The evolution of kidney cancer treatment, Dr Craig Gedye
It is exciting to be able to say kidney cancer treatment is now at a transition point. For a while treatment options for kidney cancer included surgery alone or with radiotherapy. We now have more to offer as a standalone treatment or in combination. Targeted therapies are now being used and target specific molecules in cells to block cell growth. We are now also well aware of the role immunotherapy plays in cancer treatment and are excited to be part of clinical trials for immunotherapy use in kidney cancer. Current trials will allow us to understand how this form of treatment will benefit patients with kidney cancer – both rare and common forms of kidney cancer.

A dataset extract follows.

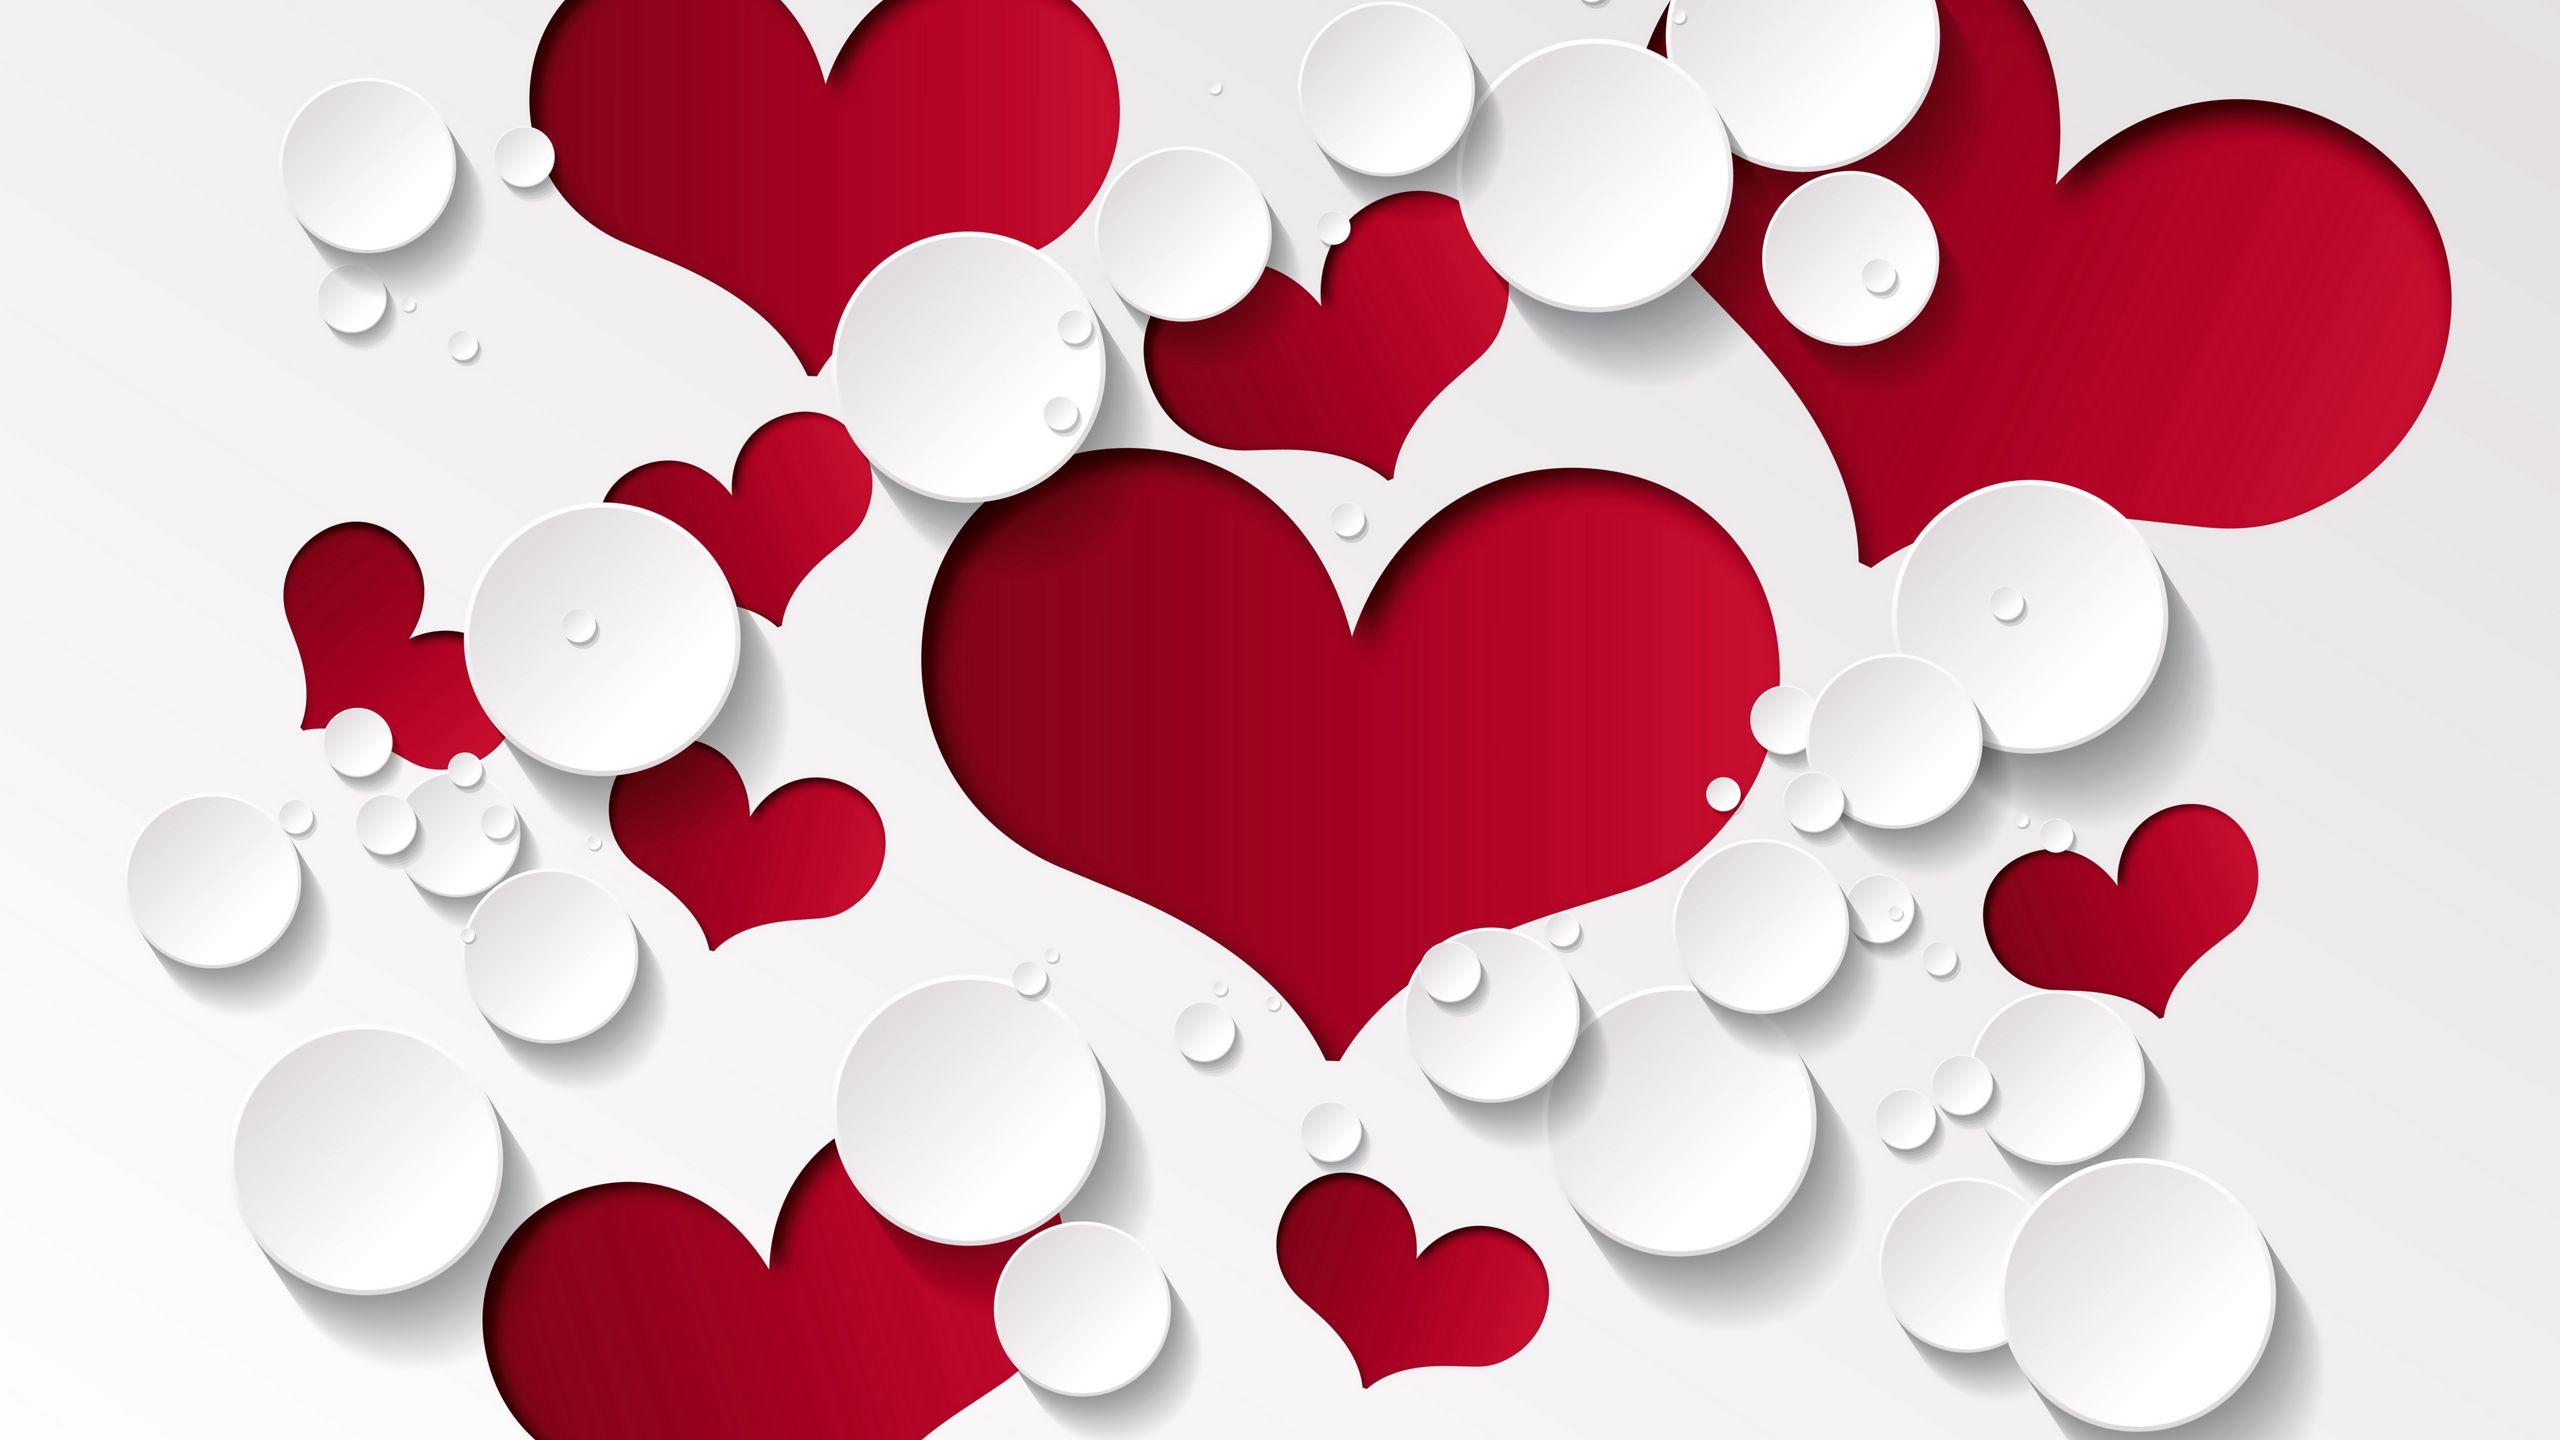 2560x1440 Wallpaper heart, shape, pattern

Immunotherapy works to enhance the immune system of your body. Cytokines (proteins that activate the immune system) can be given intravenously or orally, and may shrink the cancer. We are eager to explore how immunotherapy can be integrated with existing therapies and current treatment combinations. Clinical trials in immunotherapy allow us to ask questions about this form of treatment with the goal of improving treatments and outcomes.
It will hopefully mean rather than searching for and trying anything in the hope that it works we can select a treatment that will actually lead to improvements and will work for everyone and not just the lucky few.
Developments have been happening in other cancer areas. This biology and precision medicine revolution is now slowly filtering through to kidney cancers. This has taken time as kidney cancer is a strange type of cancer. Unlike other cancer types, kidney cancer does not exhibit a lot of DNA mutations. But when there are one or two critical mutations strange cell growth will occur, the cells will be poorly regulated and metabolism is altered and becomes quite erratic. The clinical trials and ongoing research will allow us to ask questions about these mutations in kidney cancer and provide answers where currently we are still searching.
All the research being undertaken suggests we will witness an explosion of treatment activity leading to some people having very positive outcomes from their kidney cancer treatment. This should lead to a change in focus over the next few years when treating kidney cancer.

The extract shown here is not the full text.